In general, populism is defined as a movement that puts “the people” first and has an enemy in the “elites.” Populism is an umbrella ideology, meaning many other ideologies and ideas fit under it. Many fascist, socialist, and even some liberal movements have been defined as populist. There is no set in stone economic or social policies for populism. However, it will generally be a movement for “the people” rather than “the elites”. A typical populist movement will have a dynamic leader who will use his charisma to rally the “common man” around him. Because of this, the lower and working class tend to favor populist leaders and ideas. Typically, people often divide populism into two groups, right-wing populism, and left-wing populism.

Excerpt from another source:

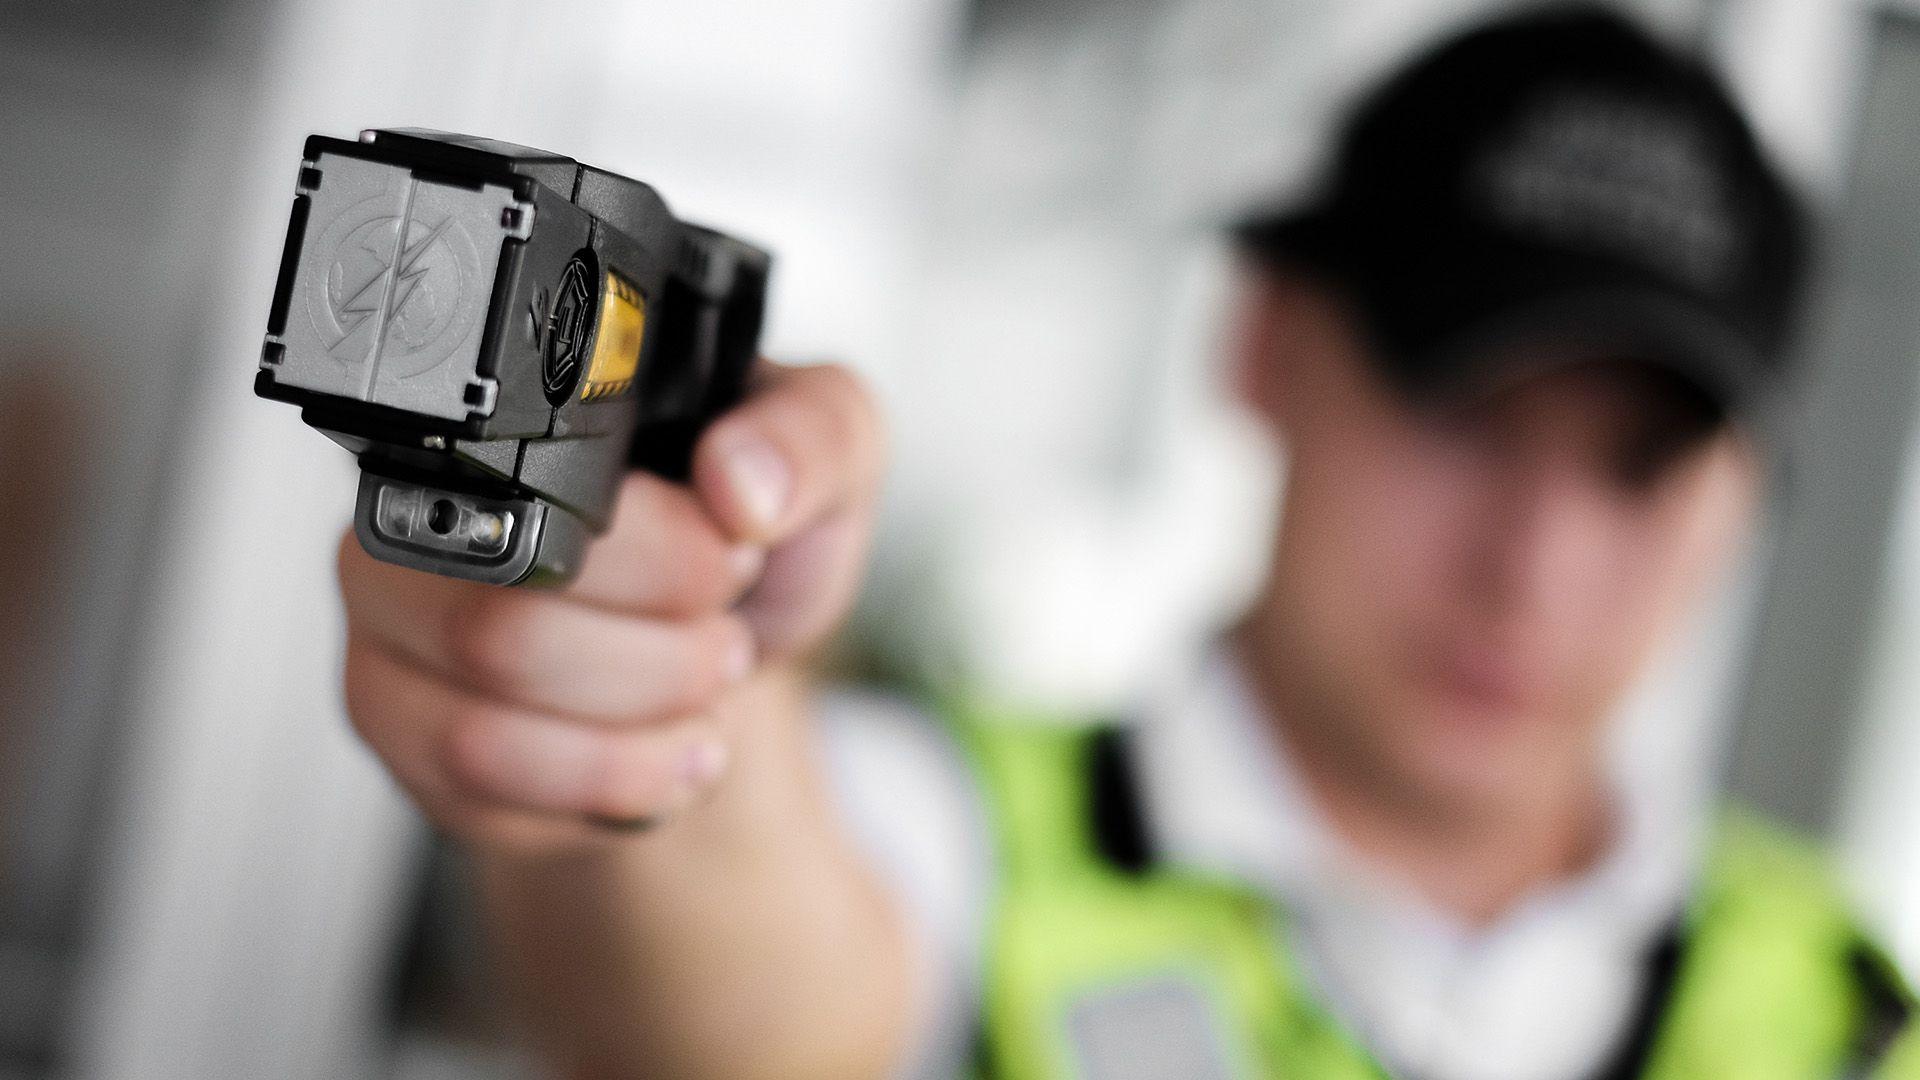 El gobierno de Mauricio Macri compro pistolas Taser en 2019 (Foto: Shutterstock)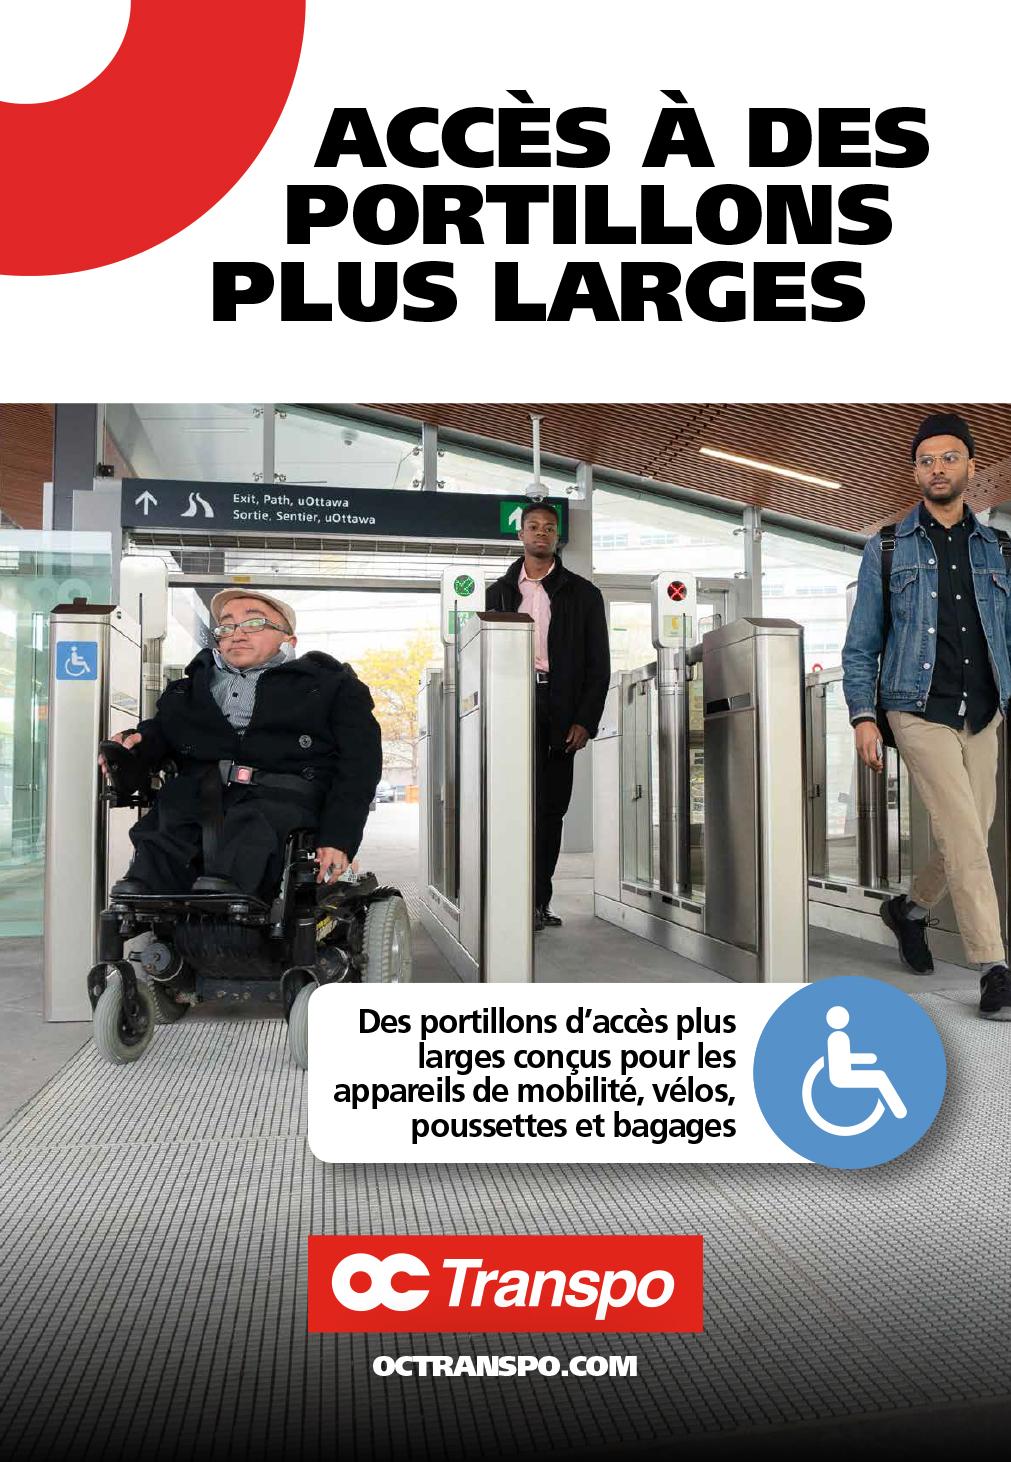 Un homme en fauteuil roulant électrique franchit un portillon d'accès plus large et accessible. Texte sur l'image : Des portillons d'accès plus larges conçus pour les appareils de mobilité, vélos, poussettes et bagages

Left-wing populism is an anti-capitalist ideology that takes in many elements of socialist ideas. To the left-wing populist, “the elites” are the rich or upper class. “The people” are the workers. Left-wing populism is often very anti-hierarchy and supports social and economic equality. They will support many social programs that “elevate the people”. Arguably the most famous left-wing populist in America was Governor and Senator Huey Long with his famous motto “Every man a king”. Indeed, Bernie Sanders is a left-wing populist. Many ideas of this ideology overlap with socialist ideas, but not all populists are socialists.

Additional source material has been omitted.